Clarifai hopes its computer vision models combined with the mobile SDK will be adopted to tackle use cases in many industry verticals, but one early partner already using the mobile SDK is medical imaging company i-Nside. The company has built a device that fits on the back of smartphones that looks inside people’s ears to detect specific diseases. Images taken by the company over the years have been used to train AI models, and now the SDK will allow doctors and medical professionals to process images and check for disease without potential privacy violations or the need for a data center or internet connection.

“We’re very excited about this, combined with the combination to train it, because every different country, every different population is going to have different diseases, they’re going to have different proportions of diseases, and so each of these devices can learn their own model to be able to recognize what’s important in that area,” Zeiler said.

The SDK can be used not just for running AI models but also for training them. Clarifai launched its custom training and image search service last fall. The service can also go beyond labeling faces or objects for a personalized experience on your iOS device.

“Image recognition is often talked about in terms of object recognition, like ‘this is a chair and a table and a dog,’ but it doesn’t have to be something like an object, it can be something like a preference or an intent and the mobile SDK can actually learn that on each device,” he said. “So for example if I share dog pictures with my wife all the time, hitting share with Lisa can be learned and so the next time I have a dog picture and I hit the share button, it recommends Lisa as the top person to share with.”

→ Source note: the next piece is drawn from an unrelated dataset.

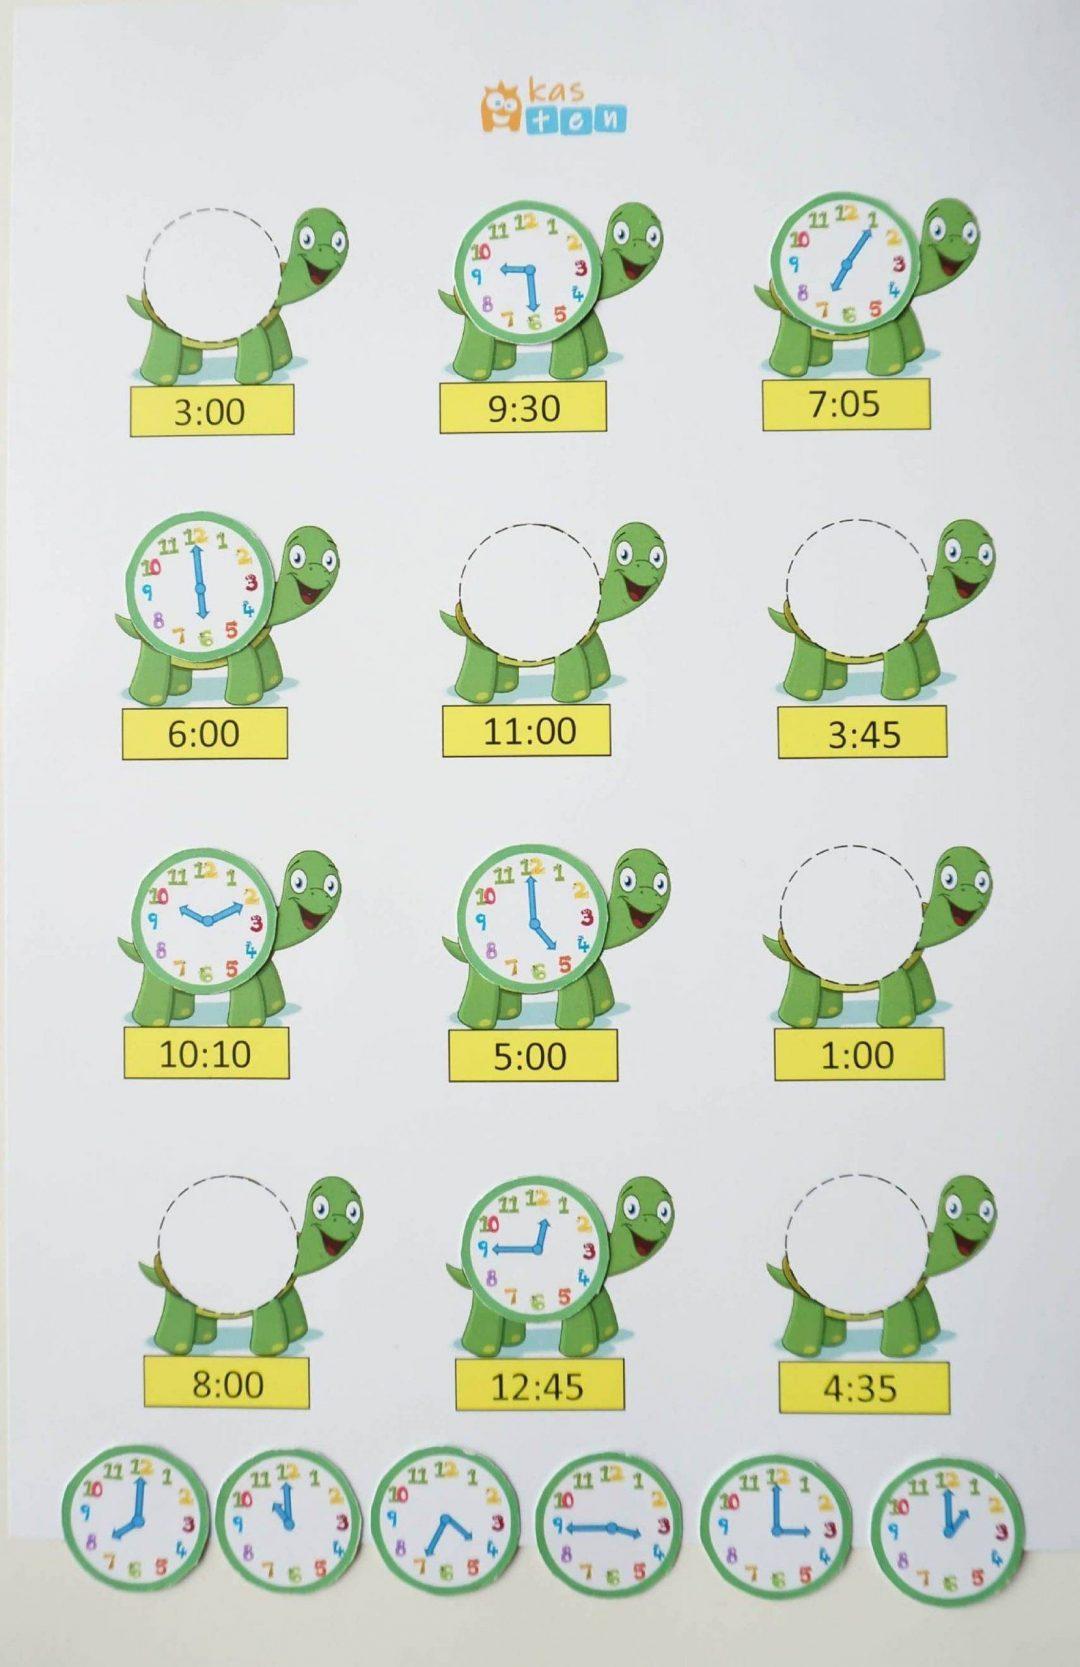 Lavinamoji užduotis kiek valandų

Clarifai launched in 2013, prior to being named winner of the ImageNet contest, an annual competition to recognize 1,000 categories of images with computer vision. In 2015 Clarifai expanded its visual analysis beyond images to include video. The highly sought-after startup has turned more than a dozen acquisition attempts by tech giants, Zeiler recently told Reuters.

Last fall, Claifai raised $30 million to grow its team in a round led by Menlo Ventures with participation from Union Square Ventures, Qualcomm, and Lux Capital.